Información sobre pedidos
| Nombre del producto | Número de catálogo | UNIDAD | Precio | CANTIDAD | Favoritos | |
Plásmido Doble Nickase (h) HLA-G | sc-401226-NIC | 20 µg | $410.00 | |||
Plásmido Doble Nickase (h2) HLA-G | sc-401226-NIC-2 | 20 µg | $410.00 |
HLA-G codifica una molécula no clásica del MHC de clase I con una distribución tisular restringida que contribuye a la tolerancia inmunitaria al interactuar con receptores inhibidores en células NK y células T, incluidos LILRB1/ILT2, LILRB2/ILT4 y KIR2DL4. Mediante la modulación de la presentación de antígenos, la citotoxicidad y la liberación de citocinas, HLA-G configura la vigilancia inmunitaria local y favorece microambientes con privilegio inmunitario, como la interfaz materno‑fetal. La expresión desregulada de HLA-G se ha asociado con respuestas inmunitarias antitumorales y antivirales alteradas, así como con fenotipos inflamatorios y autoinmunes. Sus isoformas solubles y unidas a membrana la convierten en un modelo útil para estudiar la regulación posranscripcional, el empalme alternativo y la señalización tipo punto de control inmunitario.
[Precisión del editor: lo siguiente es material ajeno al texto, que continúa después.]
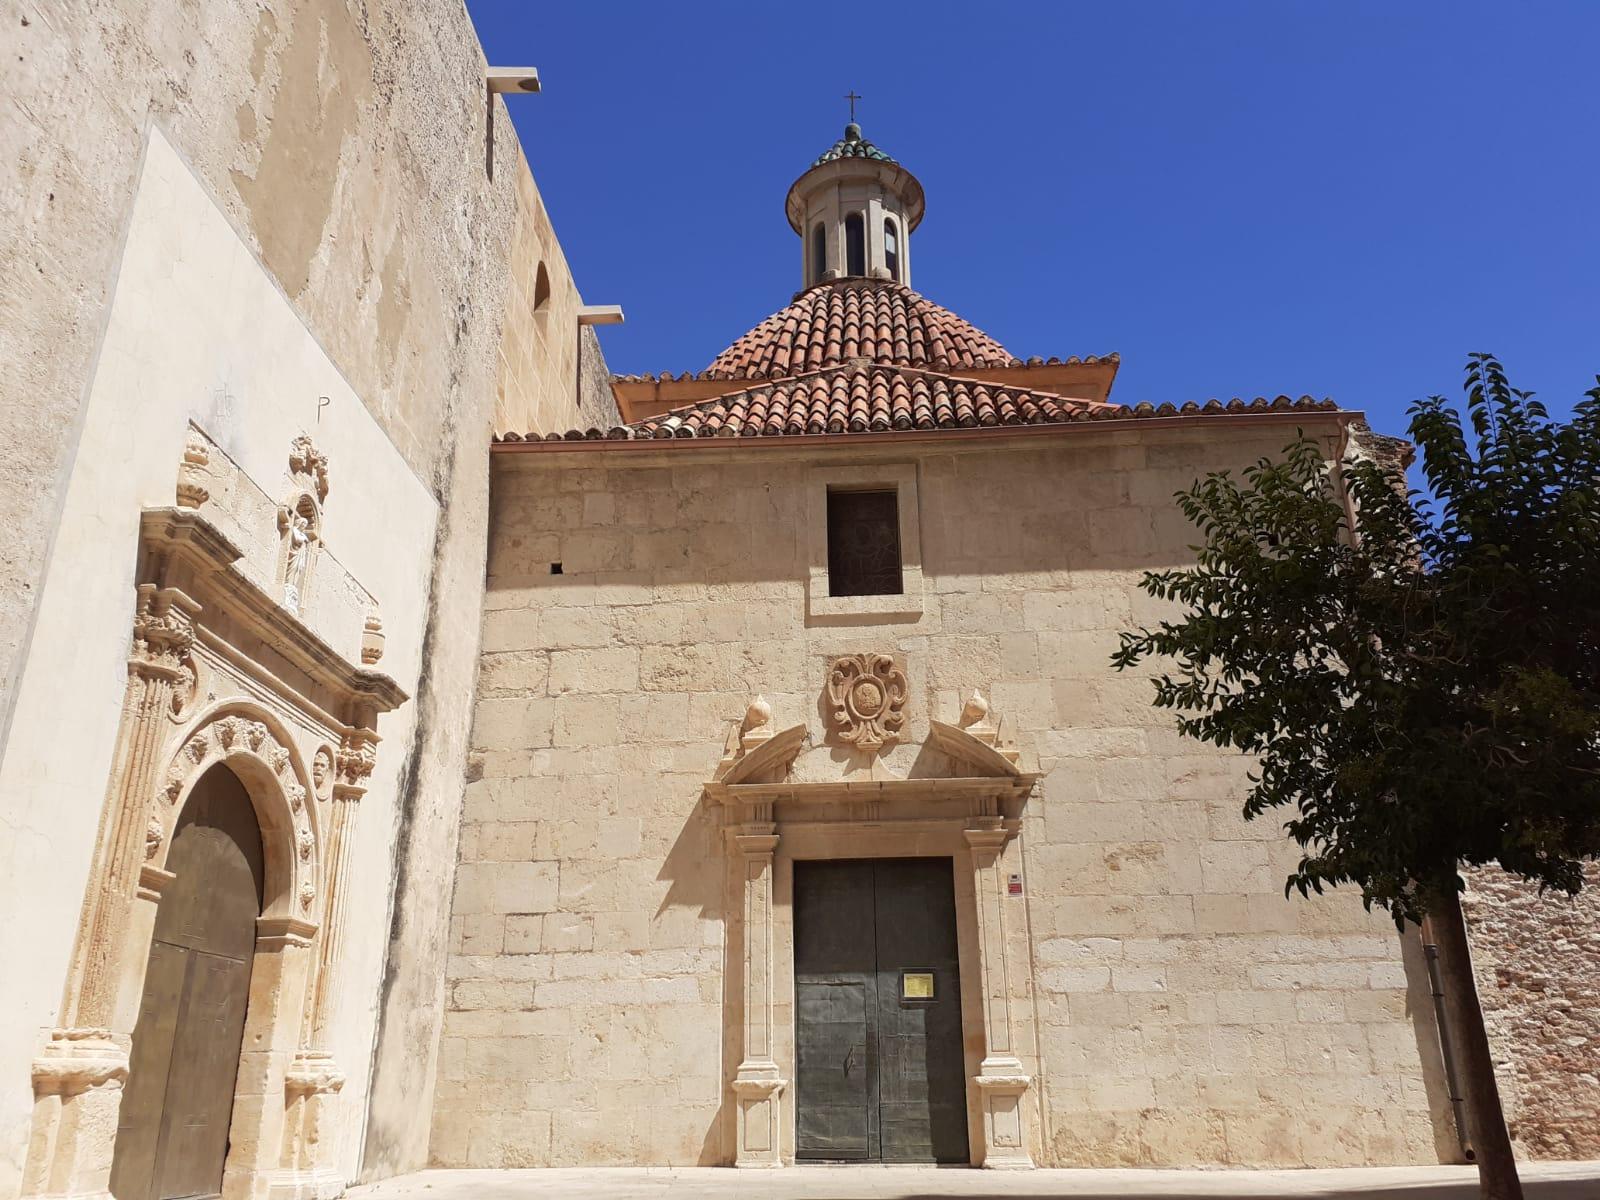 Capilla de la comunión de la Iglesia de Nuestra Señora de la Asunción

HLA-G El plásmido de doble nicasa (h) consiste en un par de plásmidos emparejados diseñados para la edición de alta especificidad del locus HLA-G en líneas celulares human. Cada plásmido expresa una nicasa Cas9 D10A y un ARN guía específico (sgRNA) dirigido a cadenas de ADN opuestas dentro de HLA-G. Cuando se dirigen a sitios adyacentes en cadenas de ADN opuestas, las dos nicasas generan cortes en cadena simple desplazados que, juntos, producen una rotura de doble cadena escalonada, lo que requiere una actividad coordinada sobre el objetivo por parte de ambas guías. La rotura de ADN resultante se resuelve mediante vías de reparación celular endógenas, más comúnmente a través de la unión de extremos no homólogos (NHEJ), lo que da lugar a inserciones o deleciones que alteran la función de HLA-G. Al requerir la participación de dos ARN guía en el locus diana, el enfoque de doble corte mejora la especificidad de la edición y proporciona una estrategia CRISPR complementaria para aplicaciones en las que se desea un control adicional sobre la precisión de la orientación.
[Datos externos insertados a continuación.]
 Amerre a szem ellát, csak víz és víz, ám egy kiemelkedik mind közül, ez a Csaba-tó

Para facilitar la identificación eficiente de las células editadas, un plásmido codifica GFP para la visualización fluorescente de las poblaciones transfectadas, mientras que el plásmido complementario lleva un gen de resistencia a la puromicina para la selección con antibióticos. En conjunto, estas características facilitan el enriquecimiento eficiente de las poblaciones cotransfectadas y simplifican la validación de los clones con HLA-G alterado.
Sólo para uso en investigación. No destinado a uso diagnóstico o terapéutico.